WHAT YOU SHOULD DO: Using the records below, filter for lines that contain the string "Design" and copy them out.

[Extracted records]
****************************************

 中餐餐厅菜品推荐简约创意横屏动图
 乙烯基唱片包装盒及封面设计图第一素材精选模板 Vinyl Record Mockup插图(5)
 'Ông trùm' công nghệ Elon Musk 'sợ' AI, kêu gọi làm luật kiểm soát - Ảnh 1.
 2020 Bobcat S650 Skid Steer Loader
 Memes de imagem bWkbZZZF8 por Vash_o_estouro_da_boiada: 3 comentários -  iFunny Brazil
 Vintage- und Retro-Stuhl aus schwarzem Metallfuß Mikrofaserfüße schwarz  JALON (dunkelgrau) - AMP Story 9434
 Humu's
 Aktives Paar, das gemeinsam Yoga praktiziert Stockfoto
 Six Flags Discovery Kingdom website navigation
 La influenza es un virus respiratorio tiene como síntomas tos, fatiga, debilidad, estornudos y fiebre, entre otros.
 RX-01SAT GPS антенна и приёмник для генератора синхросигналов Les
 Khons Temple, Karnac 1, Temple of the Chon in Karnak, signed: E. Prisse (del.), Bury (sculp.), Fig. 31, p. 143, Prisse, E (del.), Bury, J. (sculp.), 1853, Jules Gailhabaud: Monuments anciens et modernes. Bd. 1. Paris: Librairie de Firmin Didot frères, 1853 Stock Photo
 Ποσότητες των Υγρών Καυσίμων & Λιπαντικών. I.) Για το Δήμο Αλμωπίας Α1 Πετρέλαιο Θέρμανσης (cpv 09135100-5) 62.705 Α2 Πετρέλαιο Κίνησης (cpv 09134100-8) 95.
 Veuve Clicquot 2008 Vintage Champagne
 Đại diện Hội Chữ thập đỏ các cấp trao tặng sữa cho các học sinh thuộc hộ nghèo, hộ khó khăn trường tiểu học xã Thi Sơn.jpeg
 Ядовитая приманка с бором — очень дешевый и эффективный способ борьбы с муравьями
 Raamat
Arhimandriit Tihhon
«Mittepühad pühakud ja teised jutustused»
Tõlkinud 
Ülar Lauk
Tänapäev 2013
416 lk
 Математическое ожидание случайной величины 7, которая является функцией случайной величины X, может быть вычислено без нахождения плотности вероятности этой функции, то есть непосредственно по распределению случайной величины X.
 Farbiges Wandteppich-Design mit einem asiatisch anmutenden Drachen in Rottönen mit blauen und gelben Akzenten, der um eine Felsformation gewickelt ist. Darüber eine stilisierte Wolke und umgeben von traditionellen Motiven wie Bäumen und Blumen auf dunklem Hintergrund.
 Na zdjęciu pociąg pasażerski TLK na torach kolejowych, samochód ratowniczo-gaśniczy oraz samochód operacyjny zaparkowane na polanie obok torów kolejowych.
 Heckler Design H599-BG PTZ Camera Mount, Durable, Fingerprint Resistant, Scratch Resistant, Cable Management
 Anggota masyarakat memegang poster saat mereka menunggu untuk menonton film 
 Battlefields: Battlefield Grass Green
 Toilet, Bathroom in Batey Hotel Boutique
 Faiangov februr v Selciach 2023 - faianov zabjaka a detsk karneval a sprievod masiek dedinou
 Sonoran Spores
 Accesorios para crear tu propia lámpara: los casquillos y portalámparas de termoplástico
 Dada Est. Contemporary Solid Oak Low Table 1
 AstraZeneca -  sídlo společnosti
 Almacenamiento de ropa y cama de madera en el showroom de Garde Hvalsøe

****************************************

EXERCISE ANSWER:
 Farbiges Wandteppich-Design mit einem asiatisch anmutenden Drachen in Rottönen mit blauen und gelben Akzenten, der um eine Felsformation gewickelt ist. Darüber eine stilisierte Wolke und umgeben von traditionellen Motiven wie Bäumen und Blumen auf dunklem Hintergrund.
 Heckler Design H599-BG PTZ Camera Mount, Durable, Fingerprint Resistant, Scratch Resistant, Cable Management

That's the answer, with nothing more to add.